There are 84 replies per 100 t
There are 28 RTs per 100t
37% of tweets are links
There are .01 tweets per day
The demographics information is interesting:
Some of the advanced analytics are available only by using the “pro version” – there is a free trial option, however this is something Community Engagement & Outreach coordinator Amber Budden would only have access to.
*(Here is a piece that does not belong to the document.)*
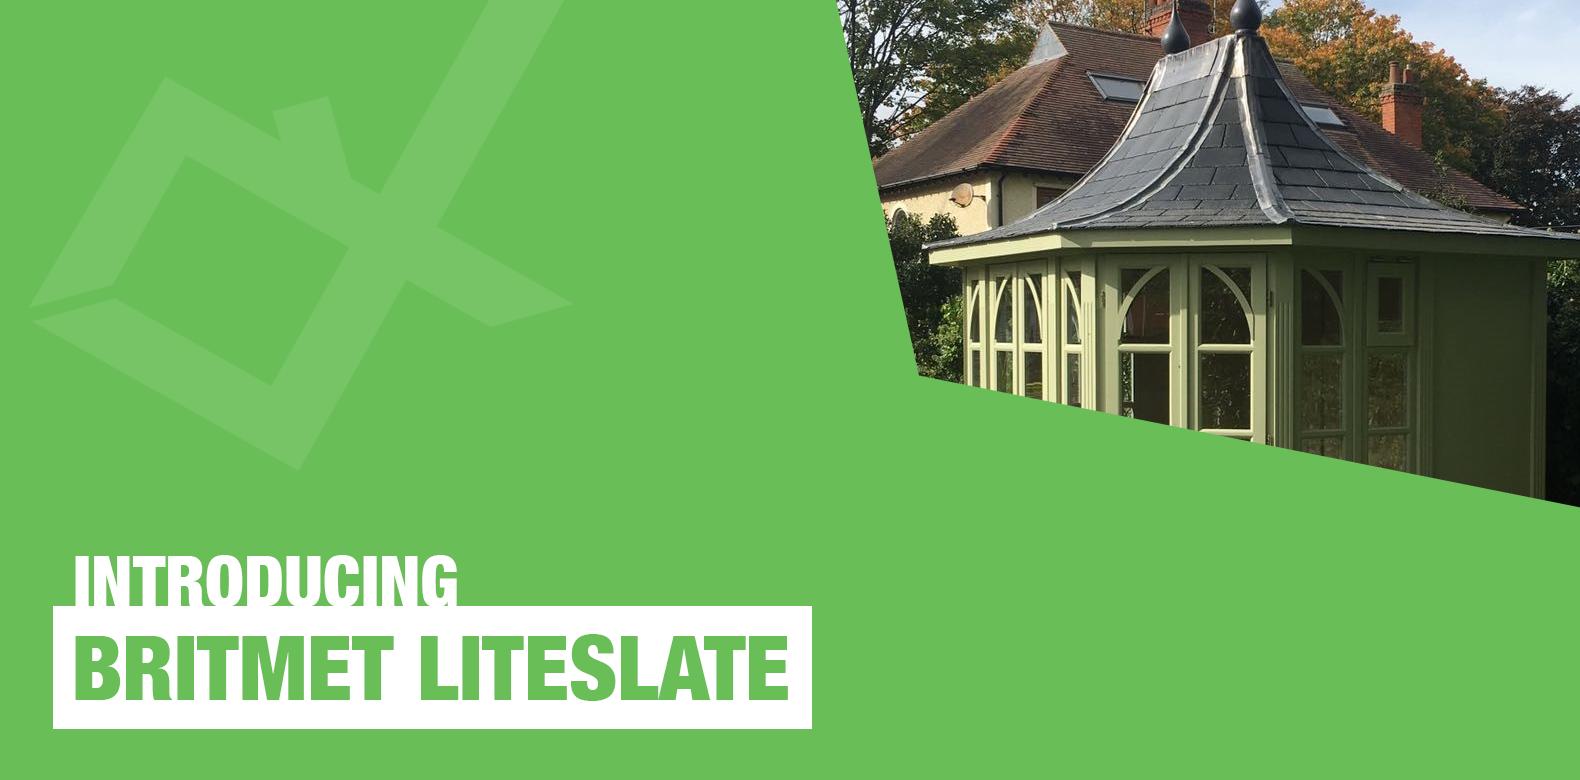 Introducing the Britmet LiteSlate

I’ll let her know in case she wants to try it out.
At any rate the point of looking at Twitterland was to pinpoint when DataONEorg went live.
I now have a date of
Thursday, November 18, 2010.
I can go back to Topsy and try a range of dates to overcome the problem I encountered with being unable to seek tweets past 990, the tweet at July 29, 2012.
November 1, 2010 to July 1, 2012
Now I want to try November 1, 2010 to November 1, 2011
http://topsy.com/s?q=%40DataONEorg&type=tweet&sort=date&mintime=1288612824&maxtime=1320148851
I wish I could make sense of the numbers here (1288612824) and (1320148851) but for now I just need to accept on faith that they correspond to November 1, 2010 and November 1, 2011.
The “most recent” tweet appears to be:
October 31, 2011.
https://twitter.com/mcdonald/status/131111854327070720
The oldest Tweet appears to be:
Beyond 150.
Let’s try an offset key of 300
No tweets found.
Let’s try an offset key of 220.
No tweets found.
Let’s try and offset key of 200.
No tweets found.
180.
None
170.
Three tweets found.
The very first tweet (that was not spam) in Topsy mentioning @DataONEorg was from Heather Piowar.
https://twitter.com/DataONEorg/status/47691665087016960
So, working backwards from 170 pages of mentions at 10 tweets per page for the 365 day period between November 1, 2010 and November 1, 2011, there were at least 1,700.
I say “at least” because in the case of the “first tweet,” 4 other users “re-tweeted” the same tweet, and that was not reflected in the numbers from Topsy.
So, this appears to be a method for poring over the history of tweets.
How to systematically extract that data is another topic, which I will address in a separate post.